Do I have the gist of it correct or am I completely off the mark?
My guess is that internally the Hashtable class creates a small array (e.g. 1K items) and then rehash the 32bit number to a 3 digit number and use that as lookup.
That's exactly what happens, except that the capacity (number of bins) of the table is more commonly set to a power of two or a prime number. The hash code is then taken modulo this number to find the bin into which to insert an item. When the capacity is a power of two, the modulus operation becomes a simple bitmasking op.
When the number of elements reaches a certain threshold (say 75%)
If you're referring to the Java Hashtable implementation, then yes. This is called the load factor. Other implementations may use 2/3 instead of 3/4.
it would expand the array to something like 10K items
In most implementations, the capacity will not be increased ten-fold but rather doubled (for power-of-two-sized hash tables) or multiplied by roughly 1.5 + the distance to the next prime number.
The hashtable has a number of bins that contain items.

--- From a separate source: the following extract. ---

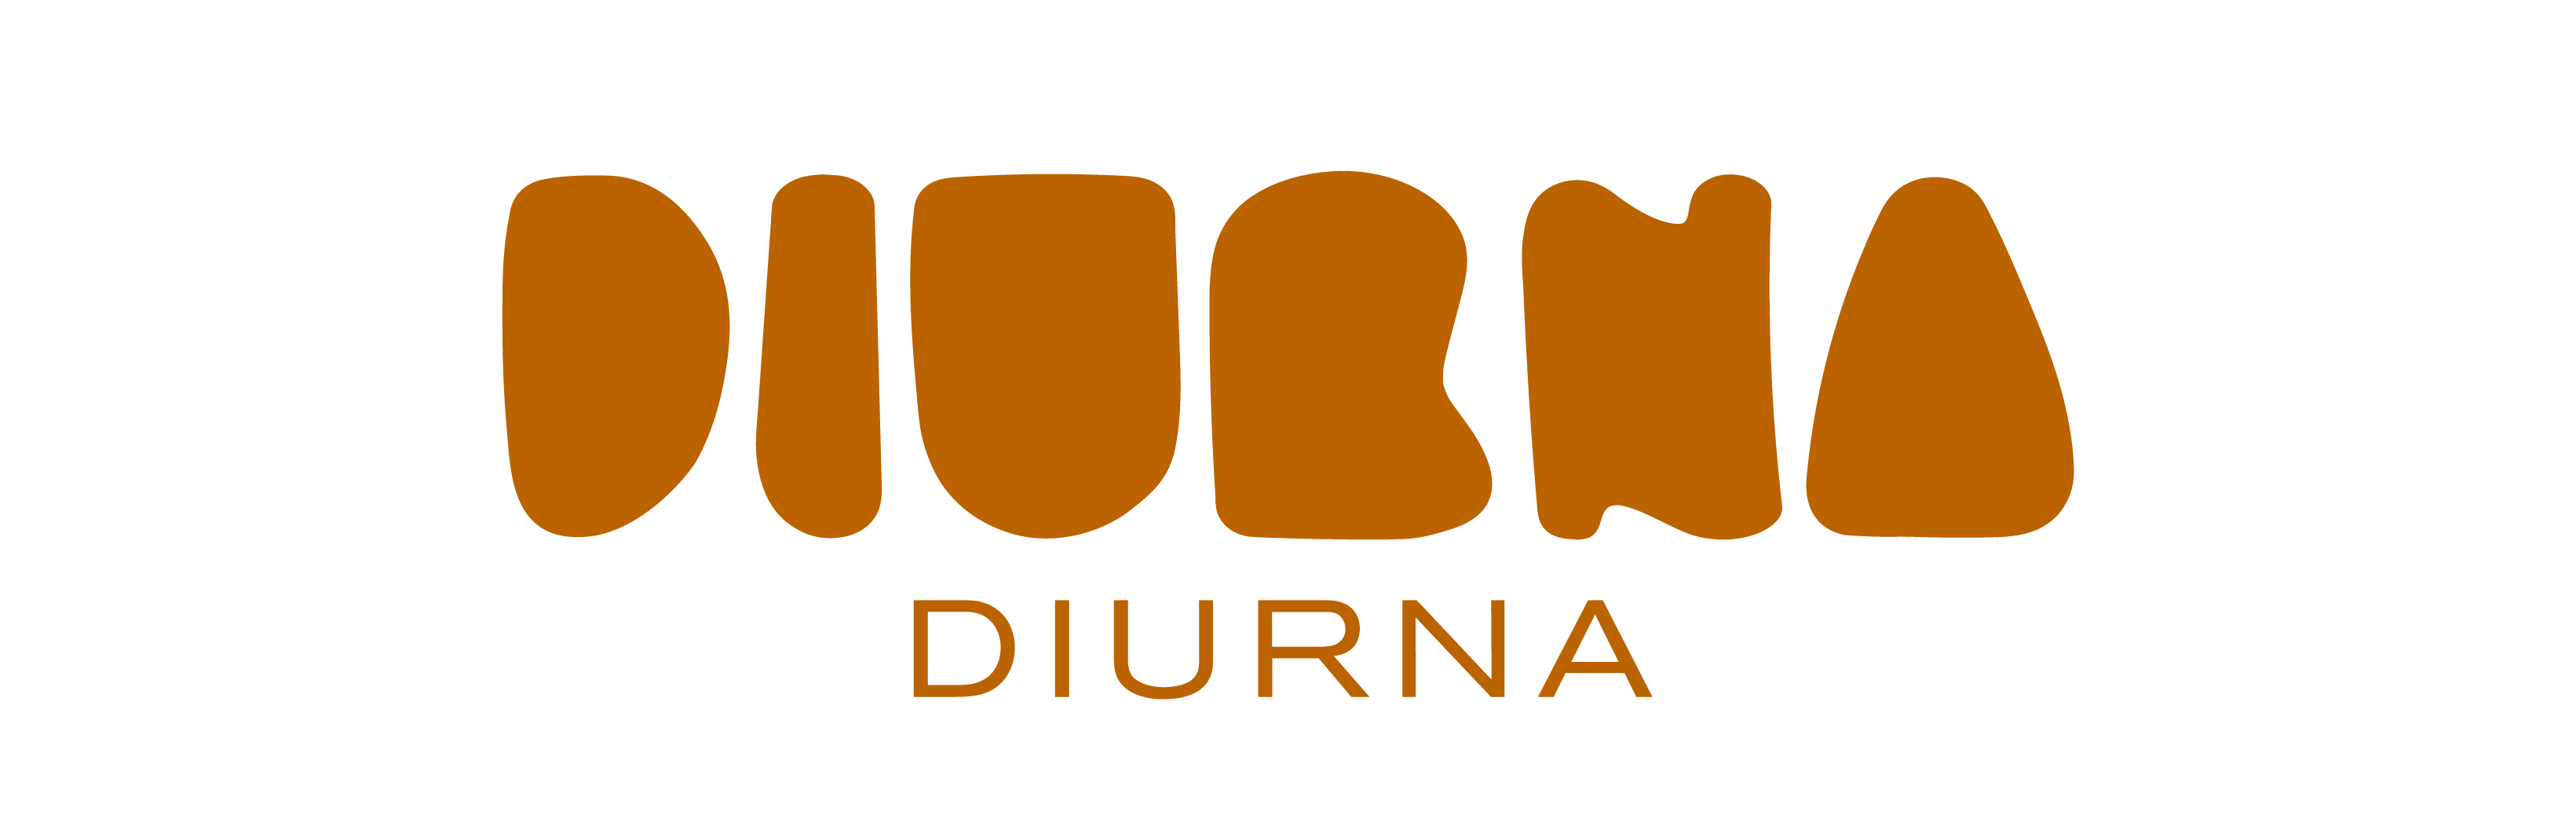 Diurna Metal Jewelry Logo

The number of bins are quite small to start with. Given a hashcode, it simply uses hashcode modulo bincount to find the bin in which the item should reside. That gives the fast lookup (Find the bin for an item: Take modulo of the hashcode, done).
Or in (pseudo) code:
int hash = obj.GetHashCode();
int binIndex = hash % binCount;
// The item is in bin #binIndex. Go get the items there and find the one that matches.
Obviously, as you figured out yourself, at some point the table will need to grow. When it does this, a new array of bins are created, and the items in the table are redistributed to the new bins. This is also means that growing a hashtable can be slow. (So, approx. O(1) in most cases, unless the insert triggers an internal resize. Lookups should always be ~O(1)).

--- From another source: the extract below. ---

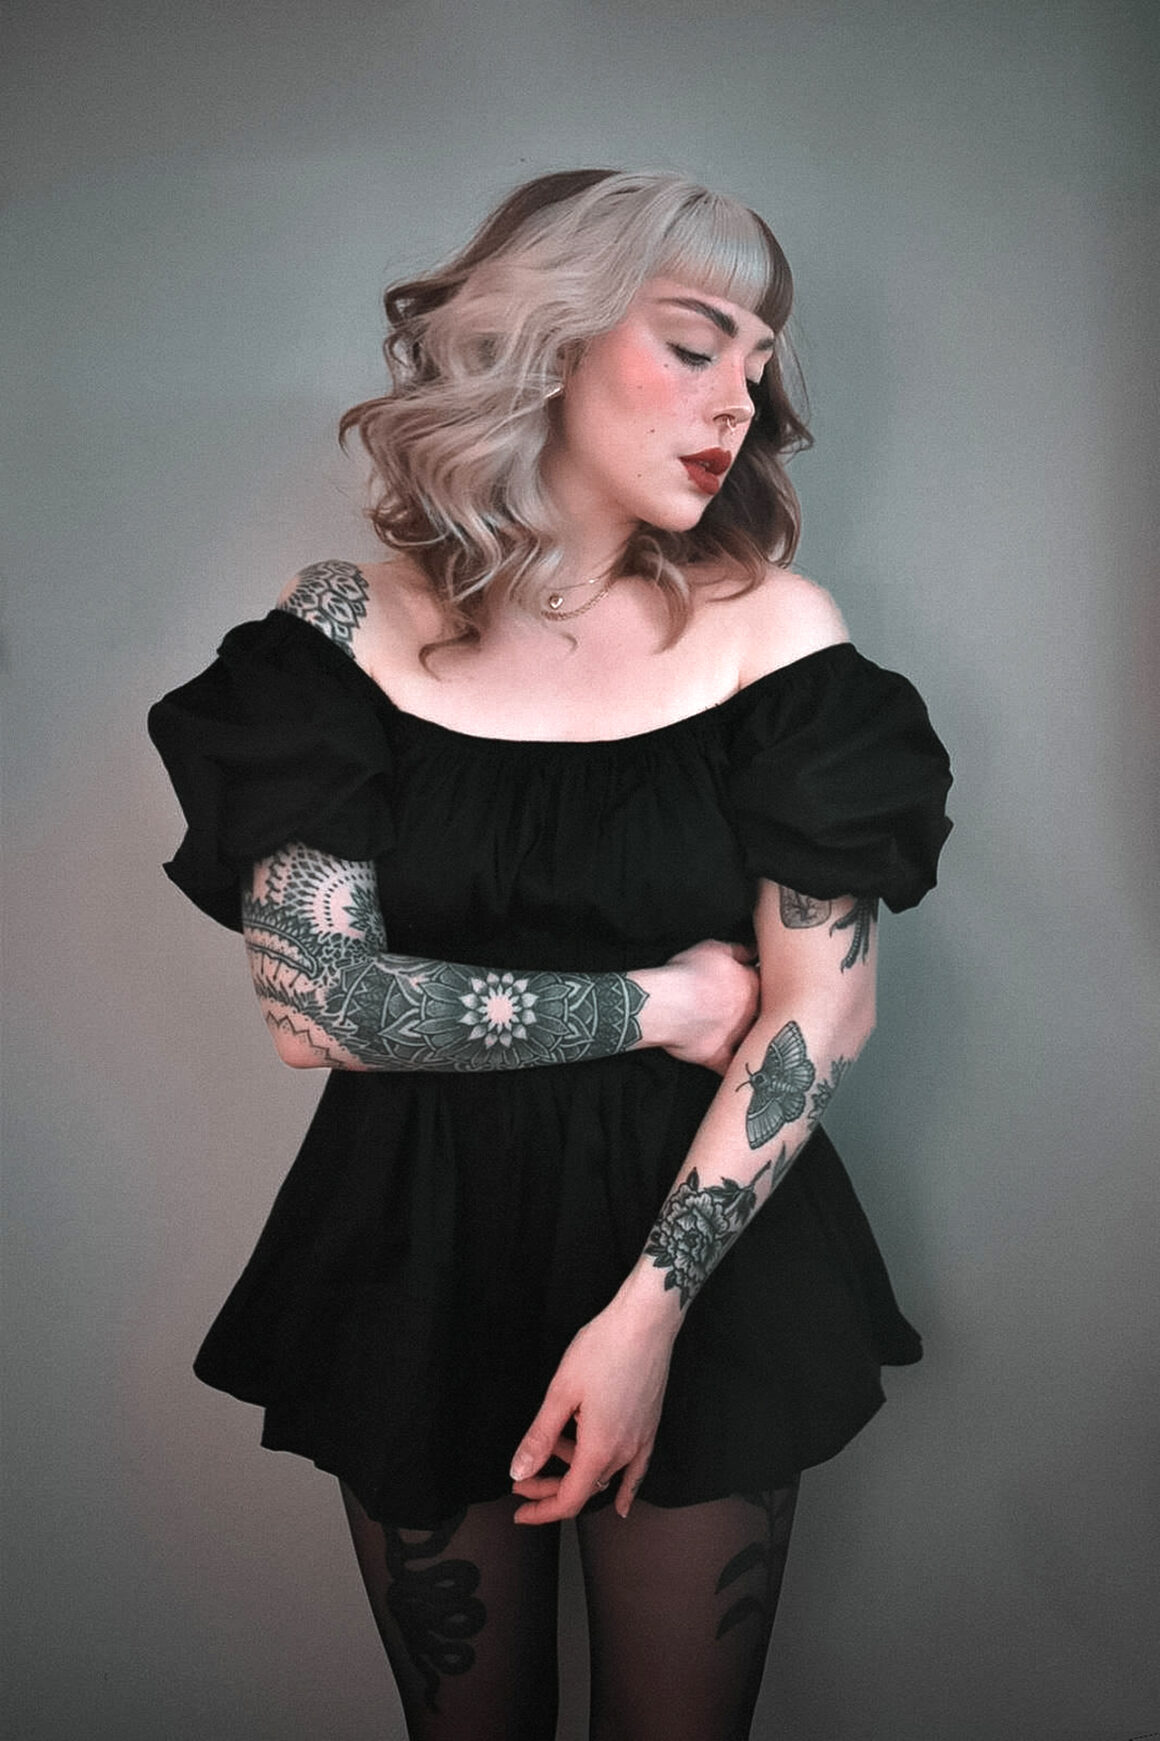 Emilie, modelo de tatuajes, @emelieaxelson

In general, there are a number of variations in how hash tables handle overflow.
Many (including Java's, if memory serves) resize when the load factor (percentage of bins in use) exceeds some particular percentage. The downside of this is that the speed is undependable -- most insertions will be O(1), but a few will be O(N).
To ameliorate that problem, some resize gradually instead: when the load factor exceeds the magic number, they:
Create a second (larger) hash table.
Insert the new item into the new hash table.
Move some items from the existing hash table to the new one.
Then, each subsequent insertion moves another chunk from the old hash table to the new one. This retains the O(1) average complexity, and can be written so the complexity for every insertion is essentially constant: when the hash table gets "full" (i.e., load factor exceeds your trigger point) you double the size of the table. Then, each insertion you insert the new item and move one item from the old table to the new one. The old table will empty exactly as the new one fills up, so every insertion will involve exactly two operations: inserting one new item and moving one old one, so insertion speed remains essentially constant.
There are also other strategies. One I particularly like is to make the hash table a table of balanced trees. With this, you usually ignore overflow entirely. As the hash table fills up, you just end up with more items in each tree. In theory, this means the complexity is O(log N), but for any practical size it's proportional to log N/M, where M=number of buckets. For practical size ranges (e.g., up to several billion items) that's essentially constant (log N grows very slowly) and and it's often a little faster for the largest table you can fit in memory, and a lost faster for smaller sizes. The shortcoming is that it's only really practical when the objects you're storing are fairly large -- if you stored (for example) one character per node, the overhead from two pointers (plus, usually, balance information) per node would be extremely high.